● DIRECTIONS: What's needed is an exact copy of all the data below, without pictures.

● GIVEN INFORMATION:
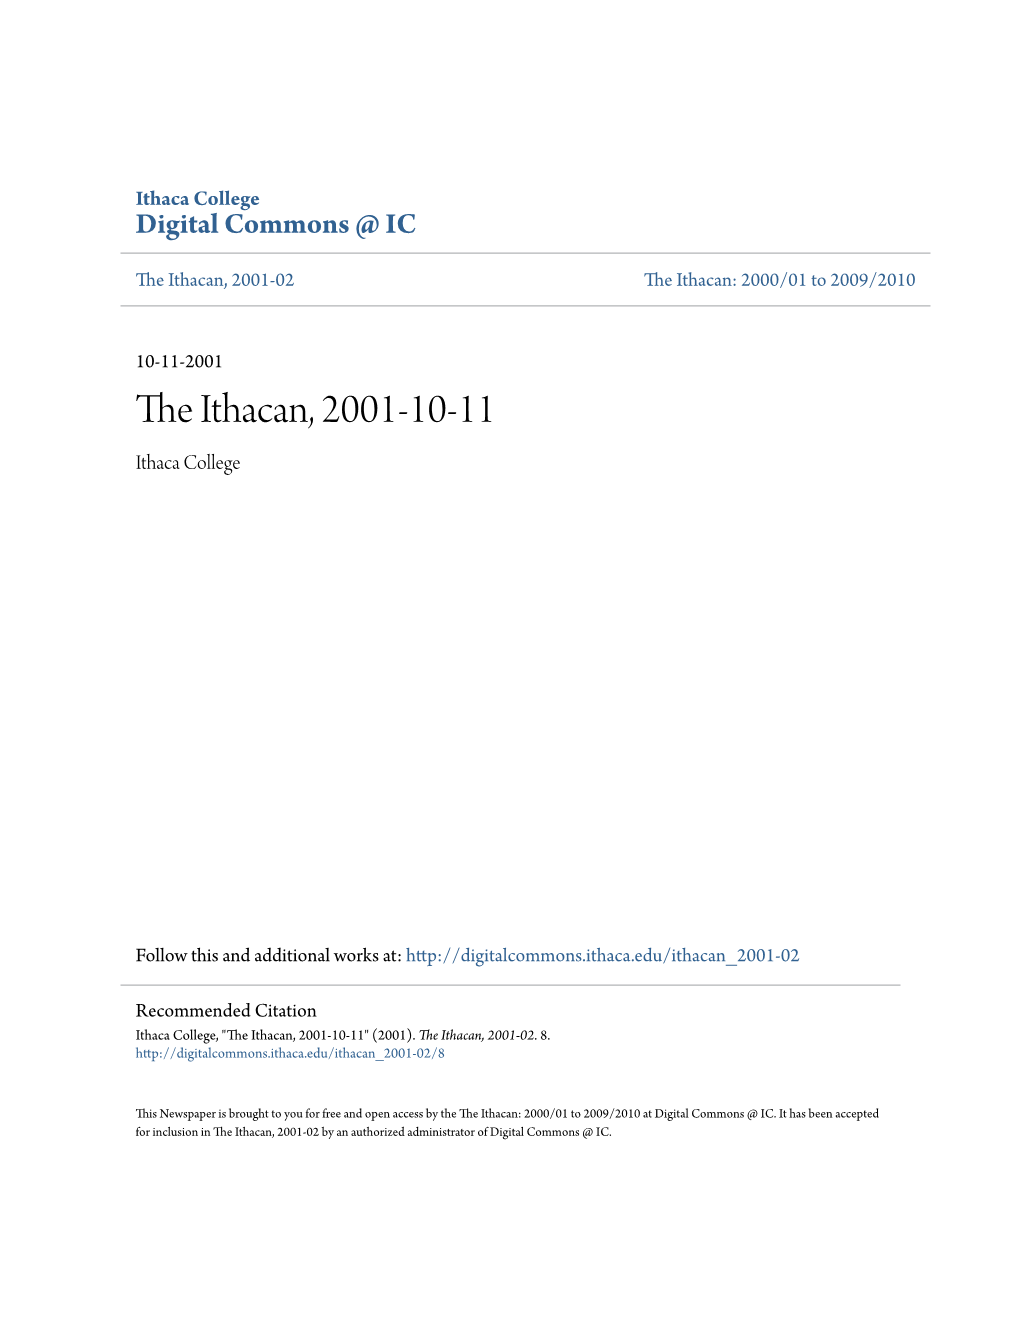 The Ithacan, 2001-10-11
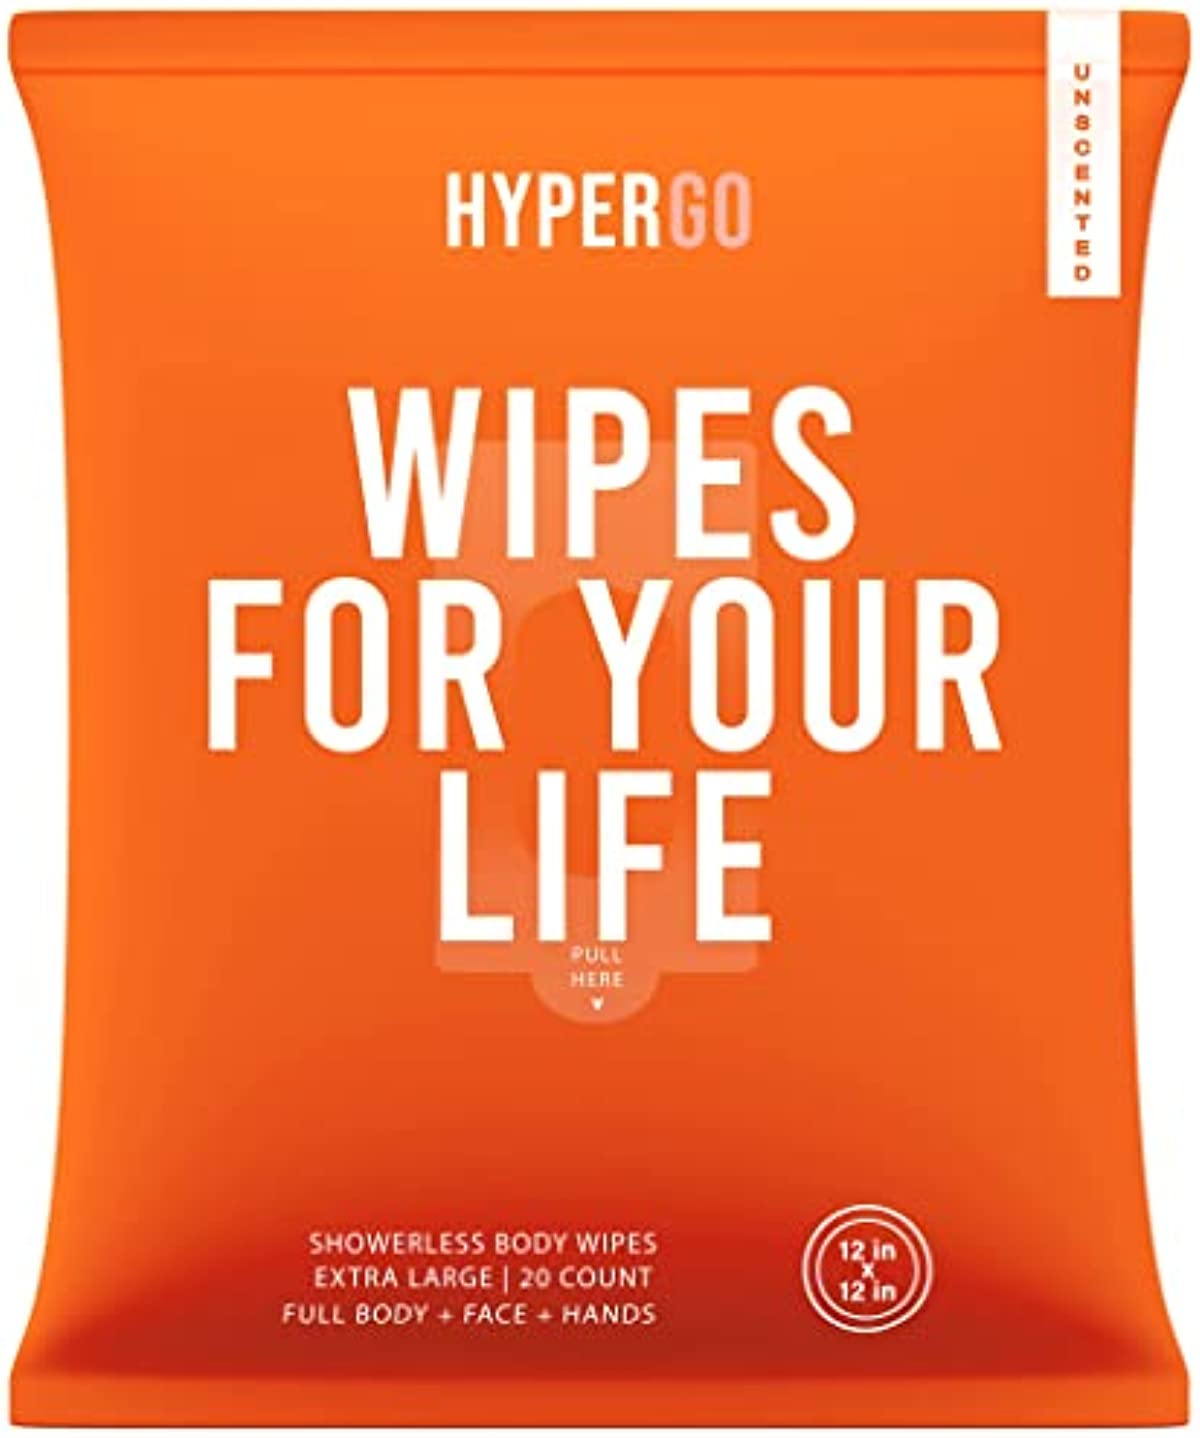 HyperGo Full-Body Rinse-Free Hypoallergenic Biodegradable Bathing Wipes –All Natural, Refreshing Anytime Anywhere, Post Workout, Camping, Travel, Daily Life, 12”x12” X-Large 20-count, Unscented 1 Pack
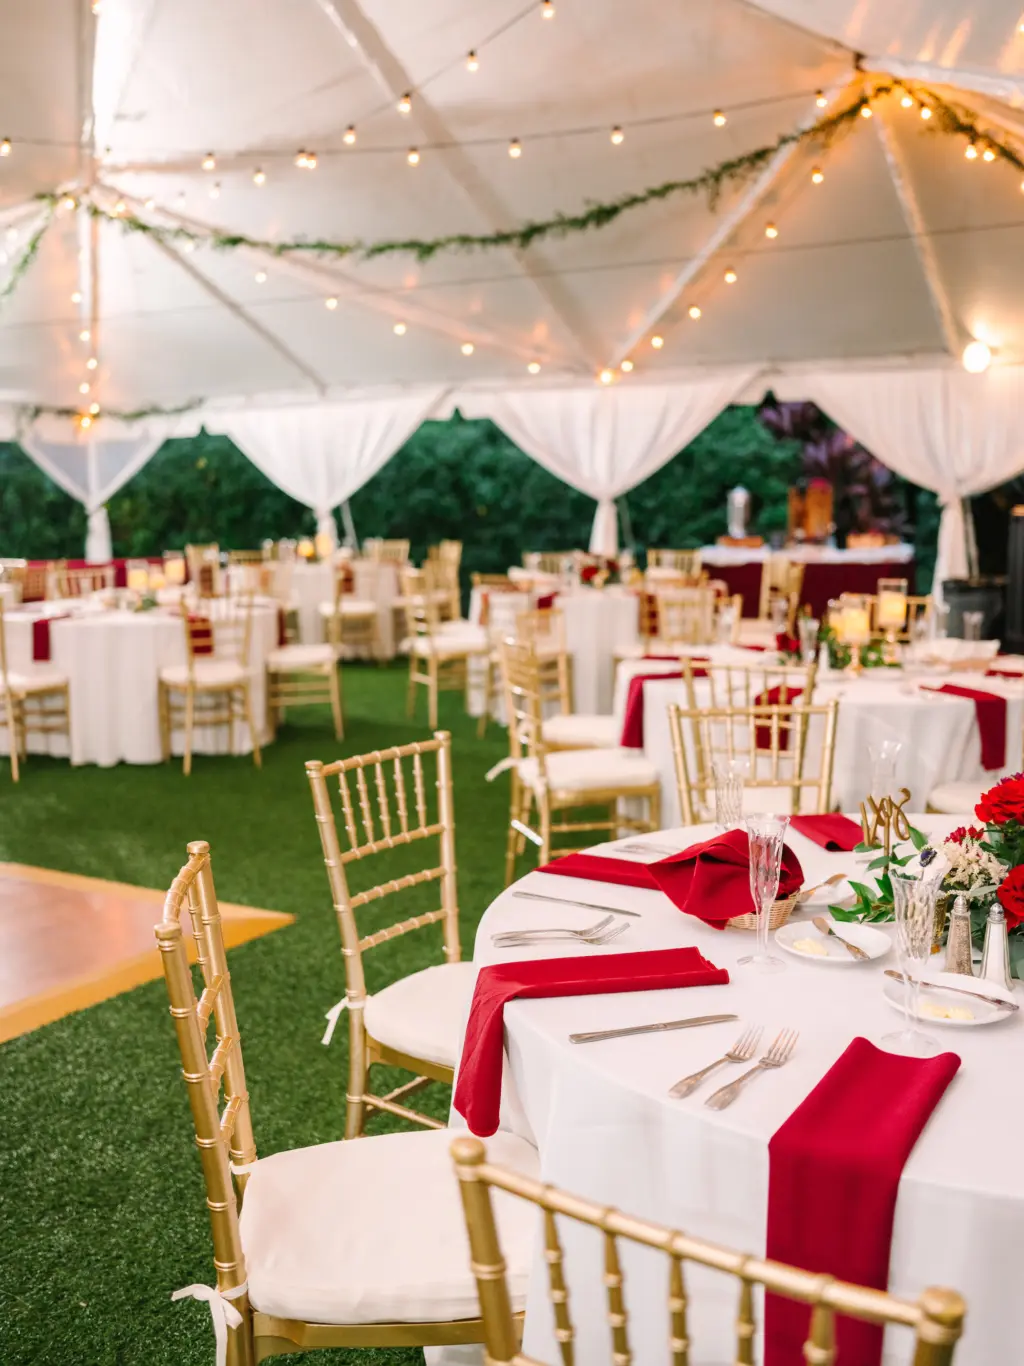 Red and White Tented Christmas Inspired Wedding Reception Decor Ideas | Downtown St. Petersburg Florida Event Venue Sunken Gardens

● RESULT OF THE EXERCISE:
 The Ithacan, 2001-10-11
 HyperGo Full-Body Rinse-Free Hypoallergenic Biodegradable Bathing Wipes –All Natural, Refreshing Anytime Anywhere, Post Workout, Camping, Travel, Daily Life, 12”x12” X-Large 20-count, Unscented 1 Pack
 Red and White Tented Christmas Inspired Wedding Reception Decor Ideas | Downtown St. Petersburg Florida Event Venue Sunken Gardens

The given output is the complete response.